My father sold alfalfa to a local barn and they offered to give me free lessons. The first few times I went out there they put me on a broke pony and taught me the basics. The barn owner kept telling me "you're a natural! You're a natural!" Well her assuming that I was such a natural she started putting me on greener horses. She brought in a unbroke Halflinger/Arabian/Paint from Amish country (sounds like an ugly cross but he was stunning!). He was all attitude. She convinced my parents after 3 weeks of her riding him that they should lease him for me. So there I am with only 2 months worth of riding on a broke pony trying to ride a very green pony. The BO thought we could "learn together".
It was winter time by the time we decided to lease him. I would hop on him bareback with just a chain over his nose and ride him for hours inside the barn. I would walk him up and down the isles over and over again. He started a nasty habit of trying to rub me off on the wall. It got to the point where he would sidepass over to the wall and just lean on it. Not knowing any better, I got off every time. Then when spring time came we started riding up and down the driveway, bareback with just a chain. This is where our problems started, as soon as we would get to the bottom of the driveway he would rear. I didn't know any better to be scared, I just thought it was fun!
By spring my parents surprised me and bought him for me. This is when I started to try to take him on trail rides. He wouldn't go through water, or mud, or away from the other horses. He would run backwards through the woods smashing me into trees and other things. He would rear, try to scrape me off on trees, run through the bit and take off towards the barn. He also learned that if he spooked at something I would get off. So he picked up the habit of spooking at things on purpose. I can't tell you how many times I fell off that spring. I ended up being terrified of him.
When we finally brought him home in the beginning of summer, I would make my dad take care of him. I was scared to even touch him. Whenever the neighbor girl came over with her horse, I would always make her ride mine because I was too scared It was either get a trainer or sell the horse. Through my 4-h group I found a wonderful woman who was really big into NH. She focused on really building my confidence with him, the first maybe 20 lessons I cried the whole time. I can remember she always said "remember to breathe". After about 2 years of lessons my confidence was through the roof with him.
In 2005 I was cantering him along the tree line in my back yard. It was a little wet out from a previous rain. As we hit a mud patch he spooked, slipped, and fell on me. It ended up breaking my leg in 4 places. After that I sold him to a pony club in Flordia. Then he ended up at Alan Parker's TB farm where he was rode by Alan's mentally handicapped wife at shows. 2 years later my parents surprised me again with buying him back. The first thing he did when I tried to load him into the trailer down in Florida was drag me and get loose took us 20 minutes to catch him.

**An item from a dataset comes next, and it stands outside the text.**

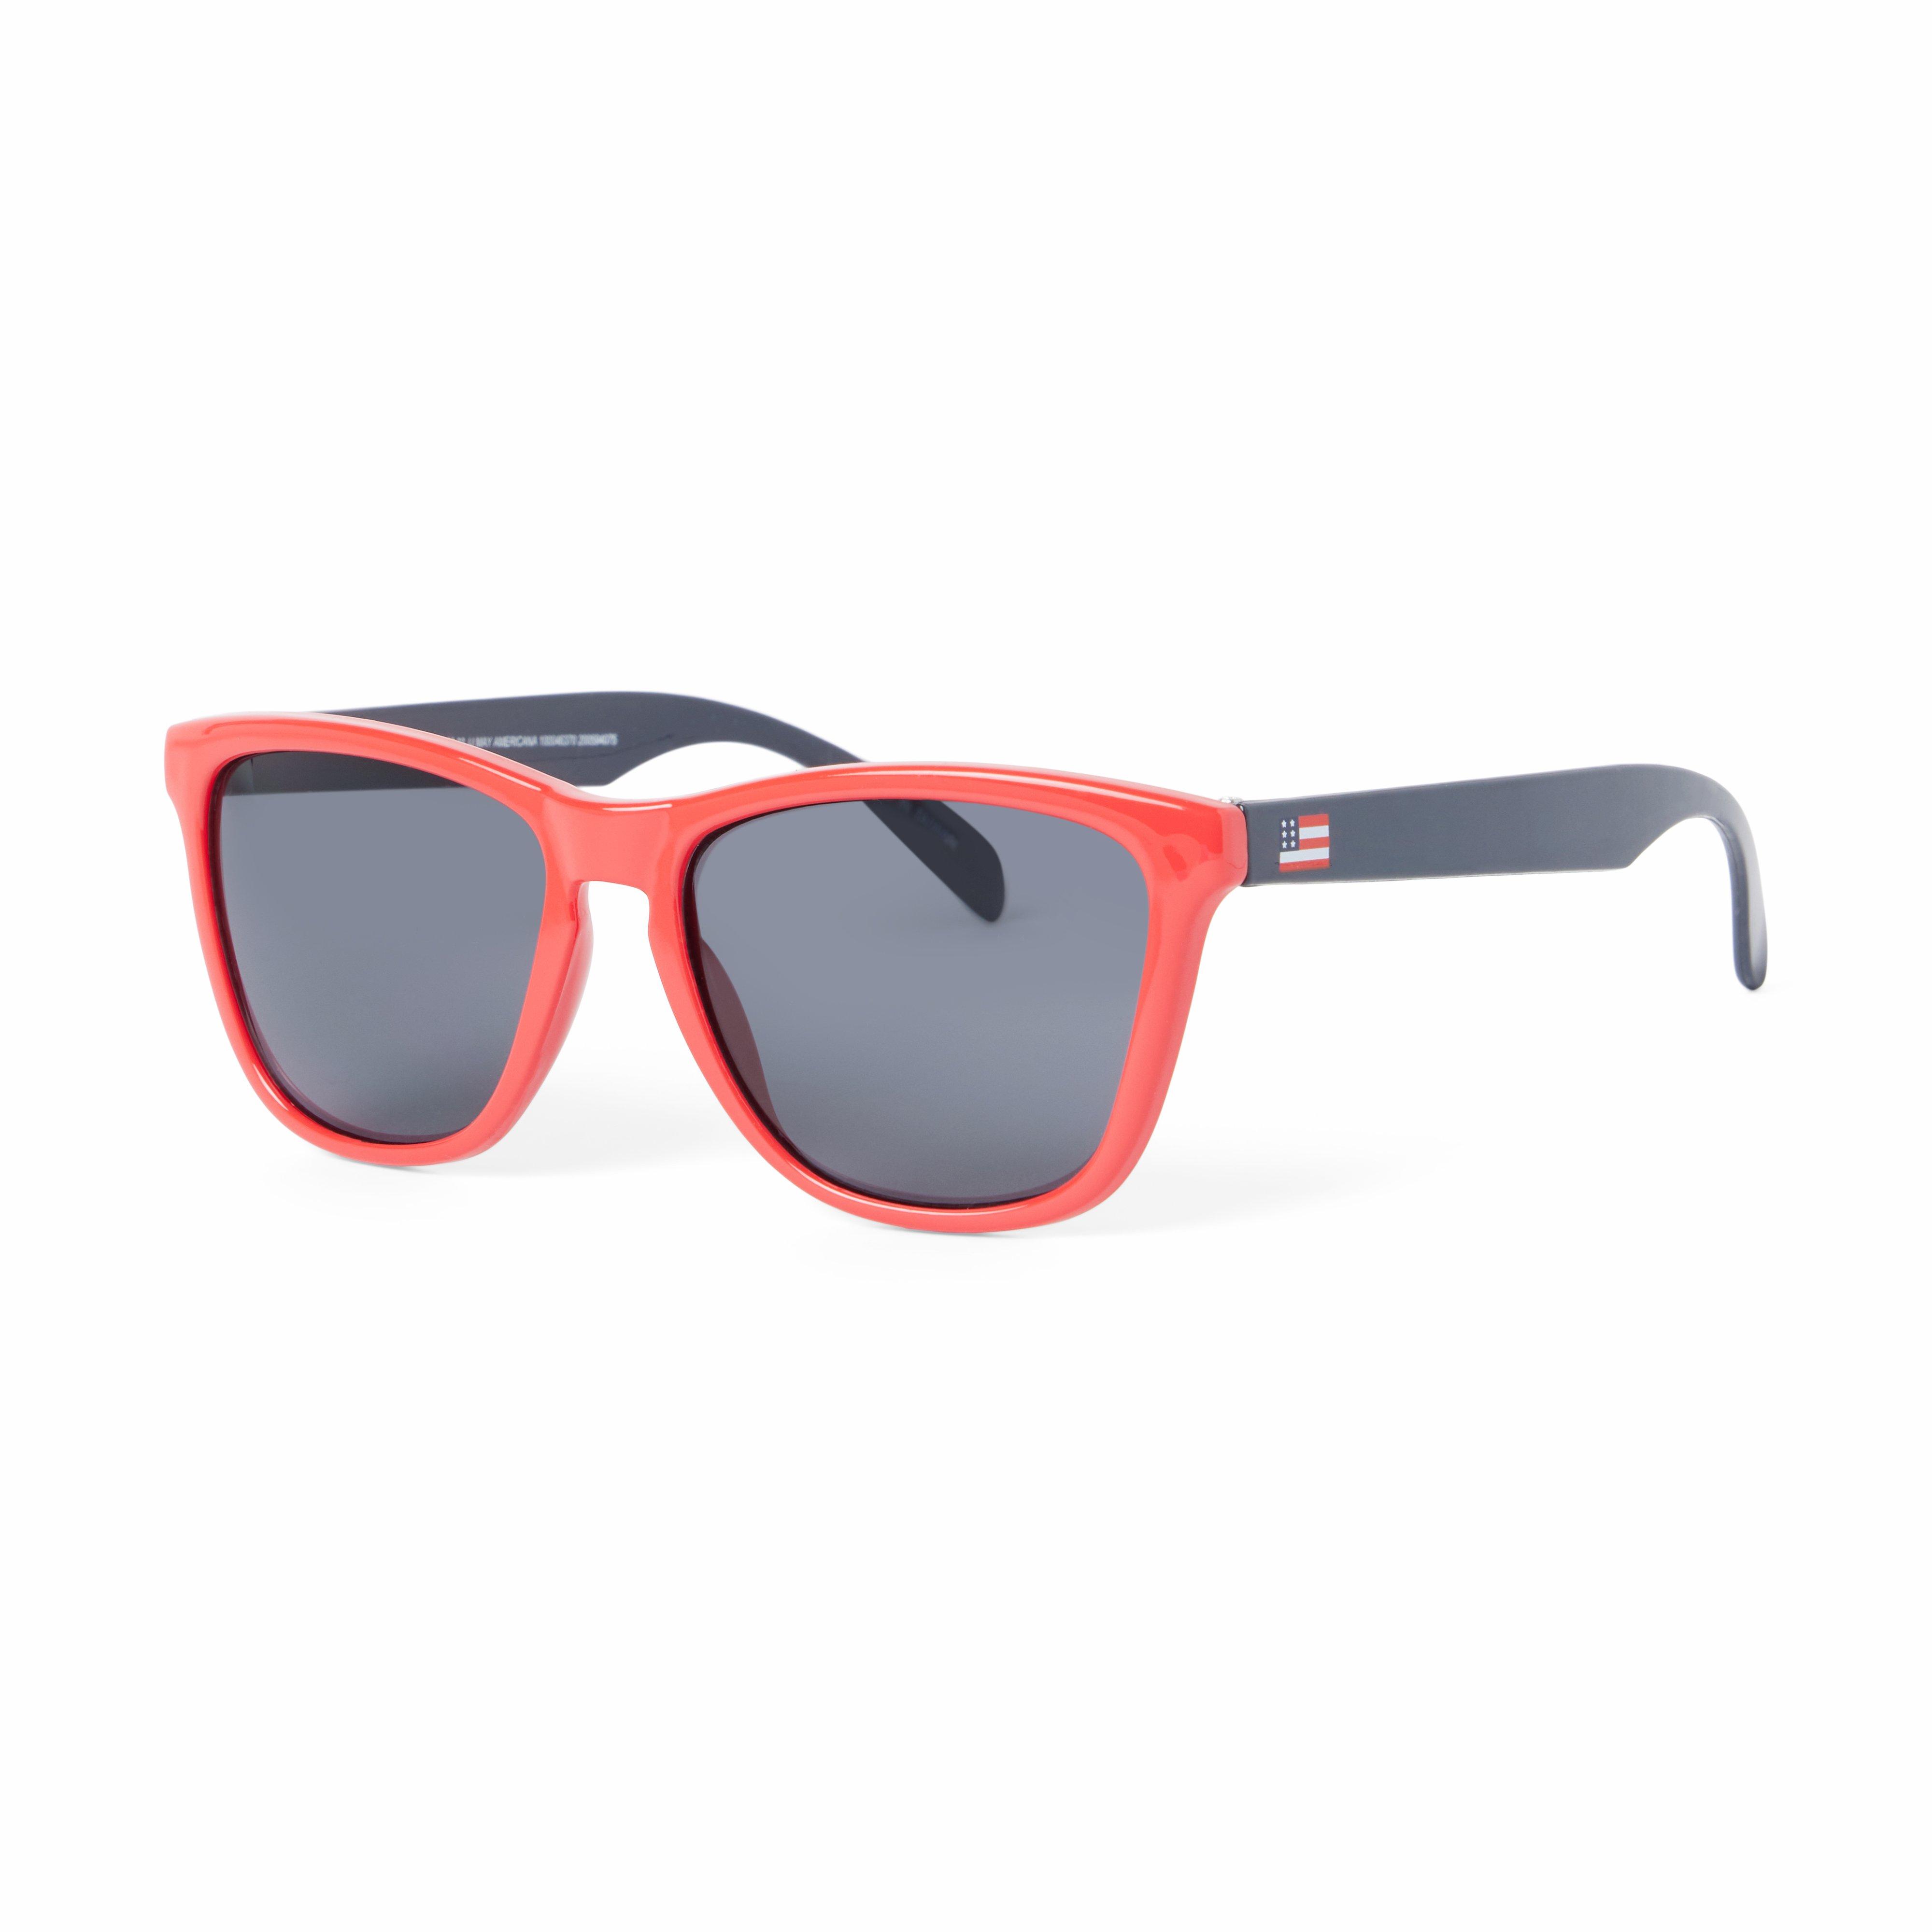 Americana Colorblocked Sunglasses

When I brought him back home I couldn't believe the horse he had turned into. He was the best lesson pony I have ever seen. He was perfect for children, beginners, and disabled people. He would have been the ultimate therapeutic riding horse. When I rode him all we did was fight, he would spook, rear, and carry on. But when a beginner was on him he was a different horse. I ended up selling him to a 9 year old girl who uses him for 3 day eventing.
Looking back on it now, I was in some serious danger riding him. I could have gotten permanently injured or worse, simply because I didn't know any better. No one told me "this isn't right". No one was looking out for my safety. Be appreciative that the people here have concern for your safety and are giving you good solid advice.